If we wanted, we could have the wrappers be overridden statically rather than being injected, in the style of ConvertibleTimestamp::setFakeTime(). That would avoid having to inject them in each class.

@Simetrical Disabling access for the case of "doesn't depend on FS" seems useful, and could perhaps be mimicked with a vfsStream mock that has deleted the file it would read and/or give it a read-only empty dir.

But the general use case of asserting specific FS access seems to me like an implementation detail that doesn't belong in unit tests. It might sound odd, but I don't think it's part of the contract for a caching class to.. cache something. We often have NullThing/EmptyThing implementations that still fulfil the contract. Especially in the realm of Memcached, I've sometimes found bugs by giving a piece of code EmptyBagOStuff and finding code that wrongly assumed a server is always available to store something (T203786, T208934) or to otherwise assume values remain at least between two nearby moments in time.

This is getting rather specific about LC, but I'd say if you modified a source file, and LC picks it up, it ignored the cache (or had none). If you modified the source file, and it didn't pick it up, you know it decided to use a cache. Those kinds of observable details are what I tend to test.

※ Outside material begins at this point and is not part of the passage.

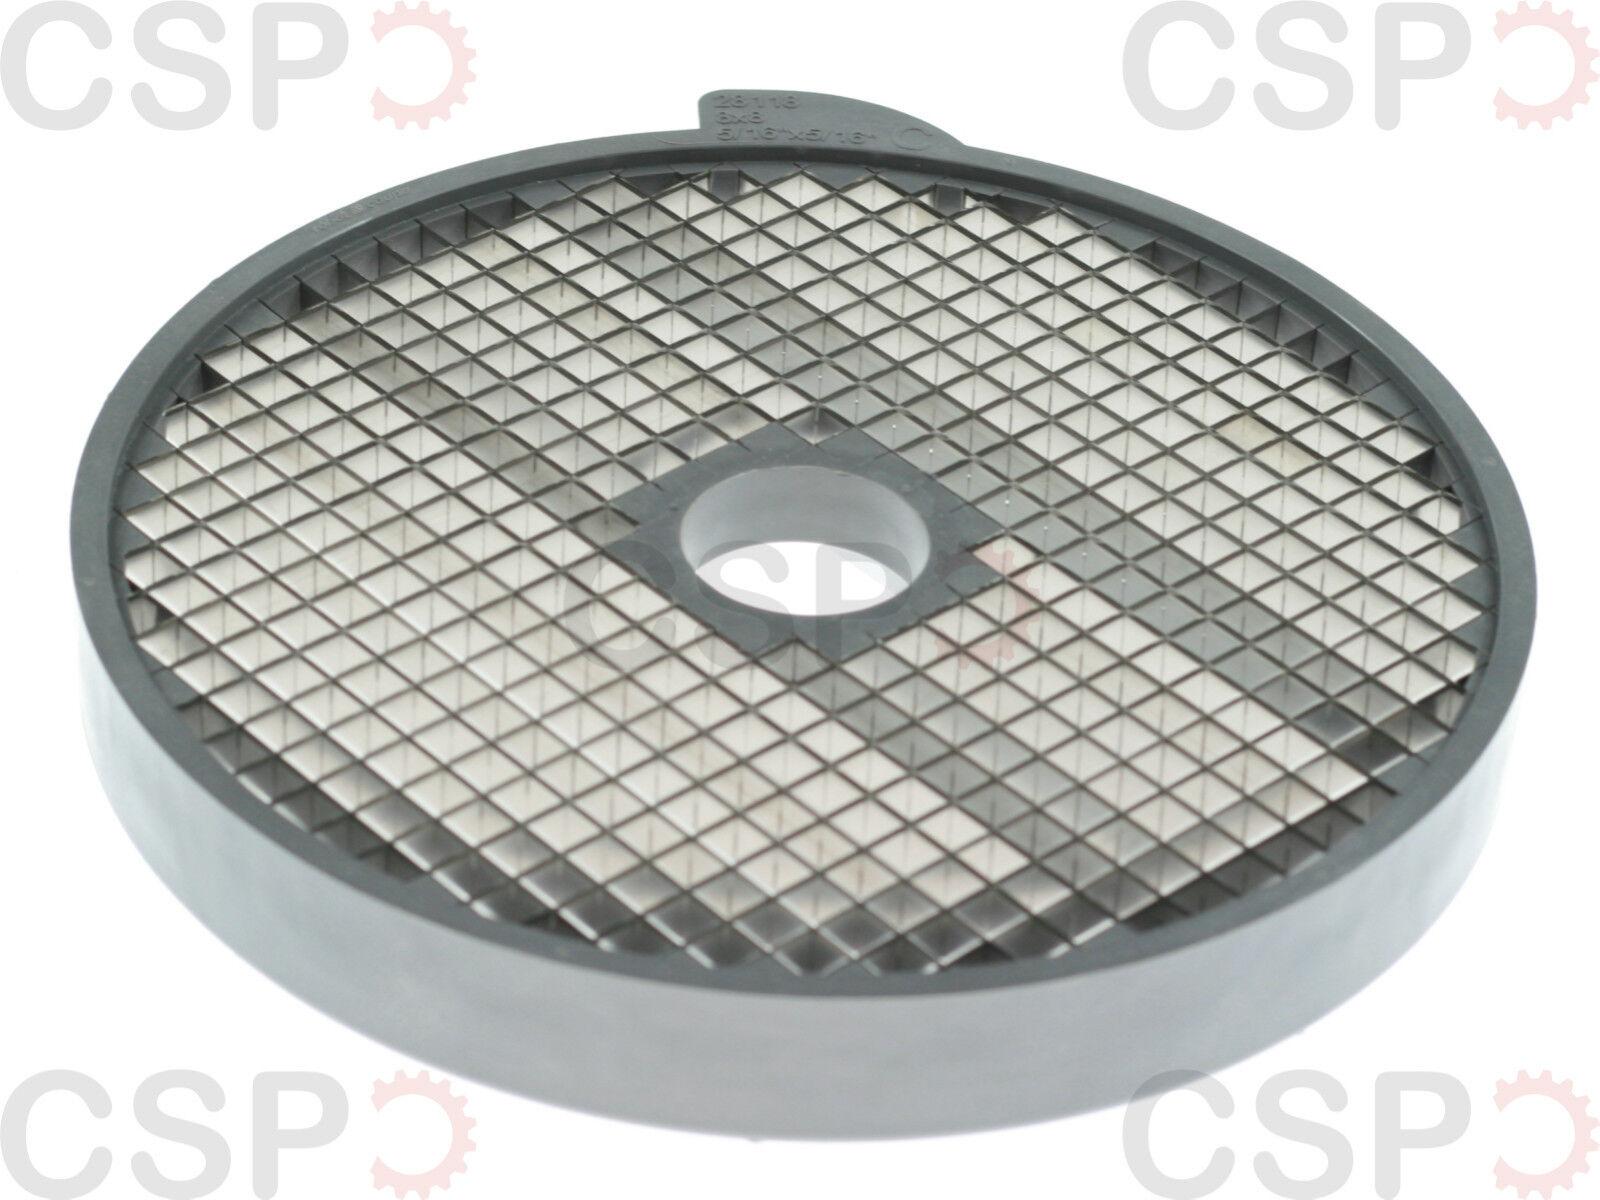 """Cobra Carbide 22088 5//64/"""" Carbide End Mill 4 FL Stub Length TiALN OAL 1-1//2/"""""""

For the general case of preventing some methods from being called, or stubbing their dependency on an out-of-test dependency (such as HTTP, DNS, or indeed the file system) - it is indeed common to allow stubbing those out by creating a one-line method for them. That is how we've usually done that in MediaWiki as far as I know. And it's a nice general method that works for things beyond filesystem as well.

It is not part of the contract of a cache to cache something, insofar as caches by definition are for things that can be regenerated, and therefore are not designed to guarantee persistency.

However, it is part of MediaWiki performance requirements that caches are being used properly, and that should be tested. If something is supposed to be serving everything from cache and is instead hitting the filesystem every time because a refactor introduced a logic error, that is a bug and tests should catch it.

The fact that the cache may sometimes not return a value does not mean that we don't need to test that the user of the cache is behaving correctly when the cache does return a value. The test of the class that uses the cache should supply a mock cache that does return a usable value, and test that the class doesn't still do the expensive work the cache is supposed to avert.

If the consensus is that this should be done via a one-line method to allow test stubbing, then I'm okay with that. If enough tests have these one-line methods that it's worth refactoring them to use a common method, I'll bring this up again.